10.1.3 Gebruiksregels

Het gebruik van bestaande objecten voor minder zelfredzame personen is niet toegestaan.

10.2 Milieuzone - geluidzonebeheer
10.2.1 Omschrijving gebiedsaanduiding

De met 'Milieuzone - geluidzonebeheer' aangeduide gronden geven het gebied (gronden en water) aan die behoren tot het gezoneerde bedrijventerrein (industrielawaai), met dien verstande dat openbare wegen, openbare spoorwegen en openbare waterwegen niet en spoorwegemplacementen wel bij het gezoneerde bedrijventerrein behoren.

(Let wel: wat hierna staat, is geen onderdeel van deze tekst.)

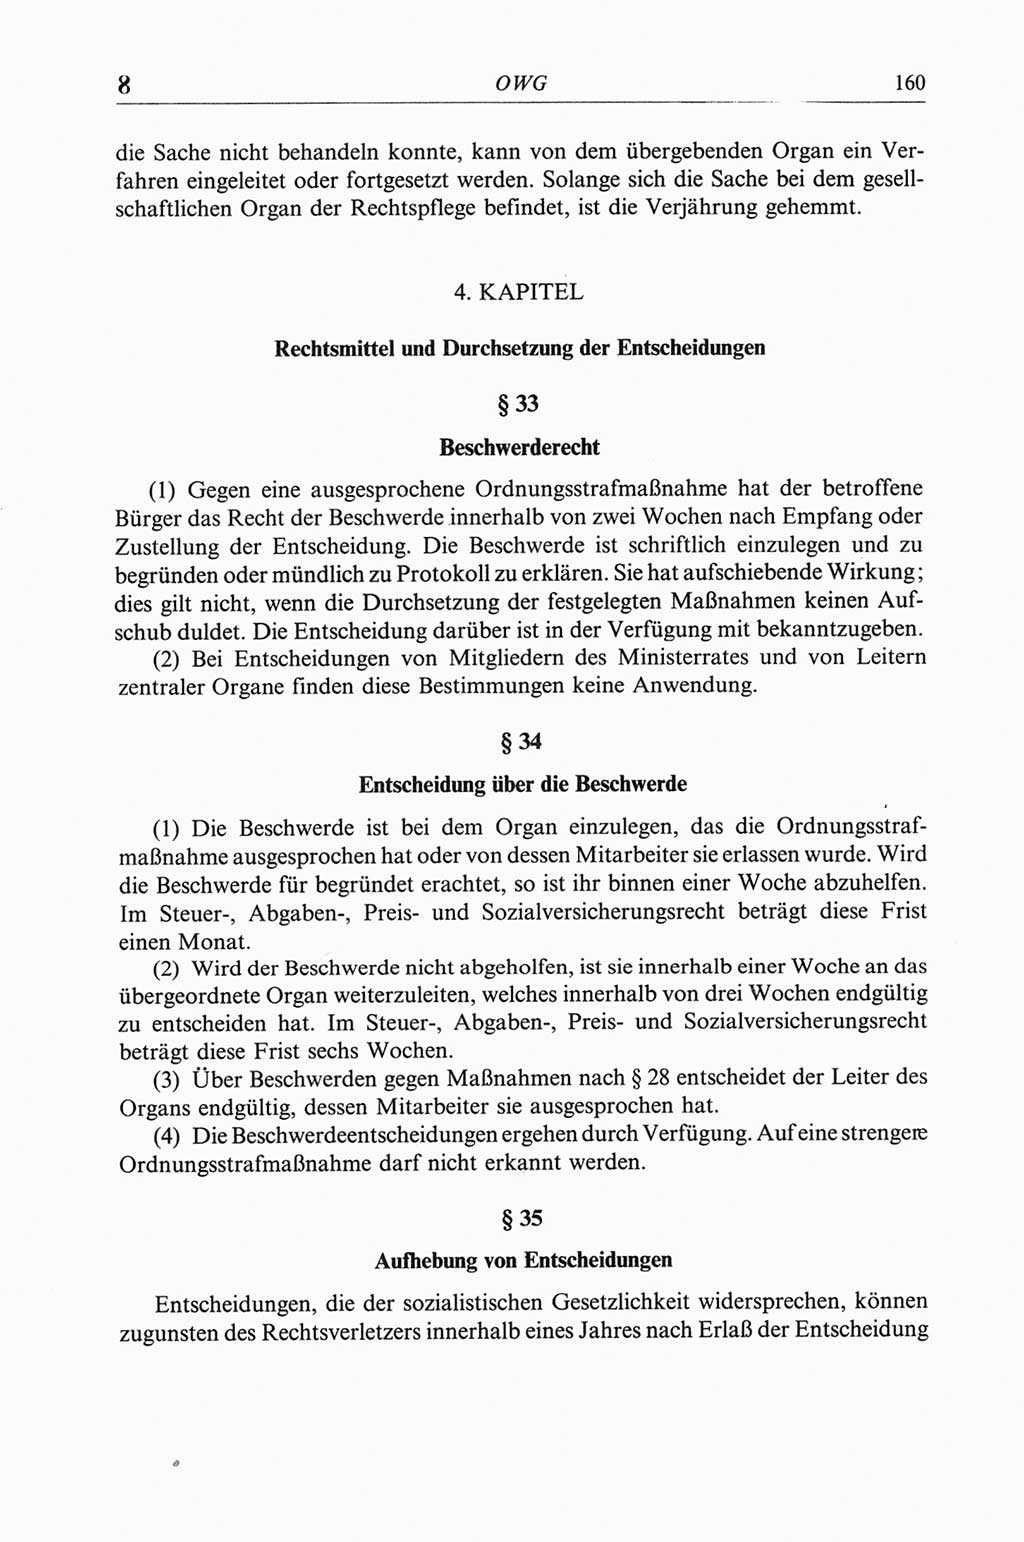 Strafgesetzbuch (StGB) der Deutschen Demokratischen Republik (DDR) und angrenzende Gesetze und Bestimmungen 1968, Seite 160 (StGB Ges. Best. DDR 1968, S. 160)

De met 'Milieuzone - geluidzonebeheer' aangeduide gronden zijn tevens bedoeld voor:

  • a. het veiligstellen van de totale beschikbare geluidsruimte binnen de geluidszone op het gezoneerde industrieterrein;
  • b. het bevorderen van een efficiënt gebruik van de totale beschikbare geluidsruimte van het gezoneerde industrieterrein.
10.2.2 Specifieke gebruiksregels

De geluidsruimte is geregeld in artikel 4.1 onder o.

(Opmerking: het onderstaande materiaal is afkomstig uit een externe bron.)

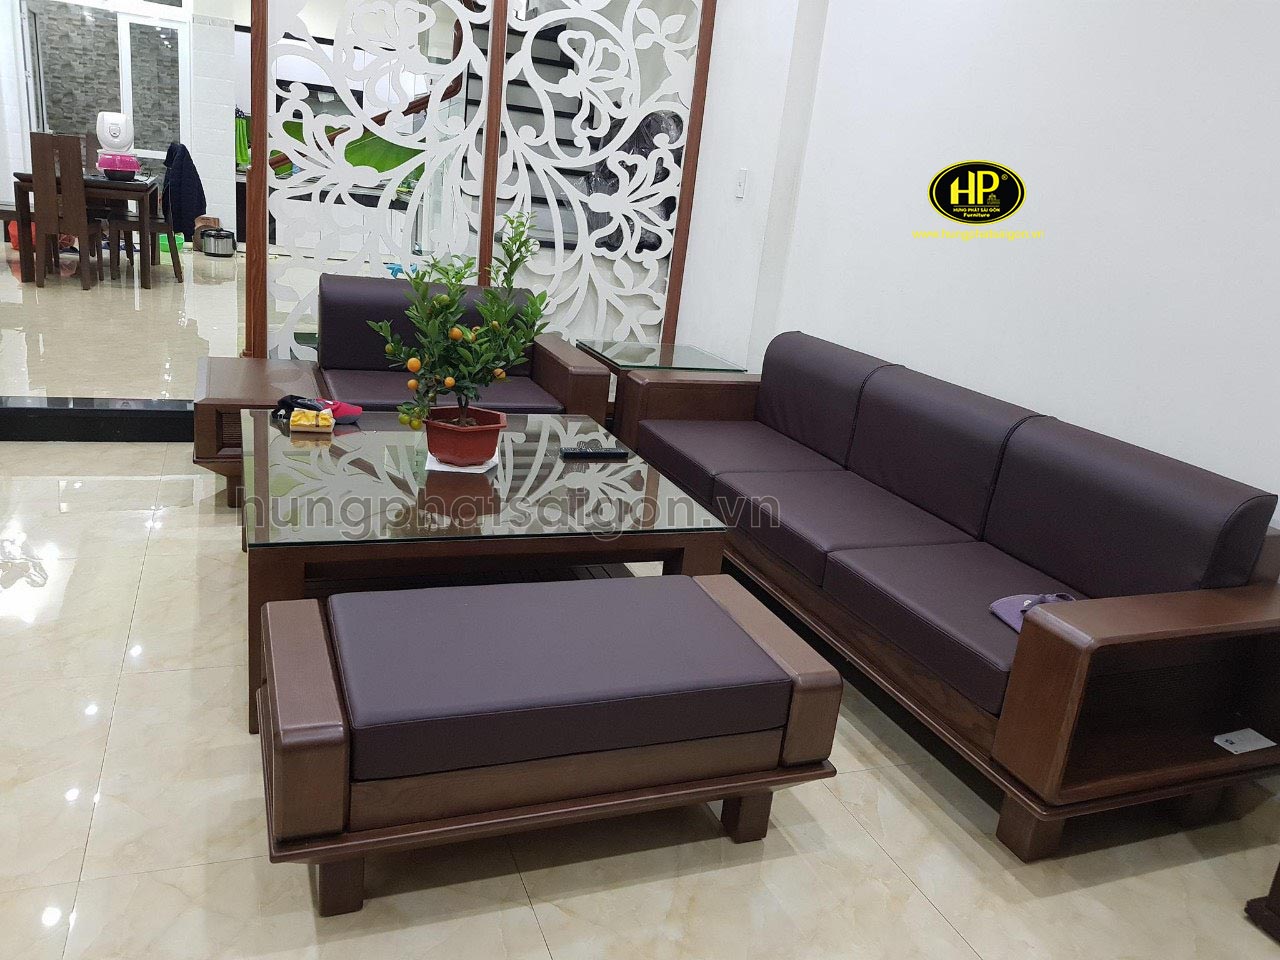 Ghế sofa gỗ sồi hiện đại cho phòng khách HS-21

Hoofdstuk 4 Overgangs- en slotregels

Artikel 11 Overgangsrecht

11.1 Overgangsrecht bouwwerken
  • a. Een bouwwerk dat op het tijdstip van inwerkingtreding van het bestemmingsplan aanwezig of in uitvoering is, dan wel kan worden gebouwd krachtens een omgevingsvergunning voor het bouwen en afwijkt van het plan, mag, mits deze afwijking naar aard en omvang niet wordt vergroot:
    • 1. gedeeltelijk worden vernieuwd of veranderd;
    • 2. na het tenietgaan ten gevolge van een calamiteit geheel worden vernieuwd of veranderd, mits de aanvraag van de omgevingsvergunning wordt gedaan binnen twee jaar na de dag waarop het bouwwerk is tenietgegaan.
  • b. Het bevoegd gezag kan eenmalig in afwijking van het eerste lid een omgevingsvergunning verlenen voor het vergroten van de inhoud van een bouwwerk als bedoeld in het eerste lid met maximaal 10%.
  • c. Het eerste lid is niet van toepassing op bouwwerken die weliswaar bestaan op het tijdstip van inwerkingtreding van het plan, maar zijn gebouwd zonder vergunning en in strijd met het daarvoor geldende plan, daaronder begrepen de overgangsbepaling van dat plan.
11.2 Overgangsrecht gebruik
  • a. Het gebruik van grond en bouwwerken dat bestond op het tijdstip van inwerkingtreding van het bestemmingsplan en hiermee in strijd is, mag worden voortgezet.
  • b. Het is verboden het met het bestemmingsplan strijdige gebruik, bedoeld in het eerste lid, te veranderen of te laten veranderen in een ander met dat plan strijdige gebruik, tenzij door deze verandering de afwijking naar aard en omvang wordt verkleind.
  • c. Indien het gebruik, bedoeld in het eerste lid, na het tijdstip van inwerkingtreding van het plan voor een periode langer dan een jaar wordt onderbroken, is het verboden dit gebruik daarna te hervatten of te laten hervatten.
  • d. Het eerste lid is niet van toepassing op het gebruik dat reeds in strijd was met het voorheen geldende bestemmingsplan, daaronder begrepen de overgangsbepalingen van dat plan.

Artikel 12 Slotregel

Deze regels worden aangehaald als: Regels van de Veegplan herziening bedrijventerreinen Veendam.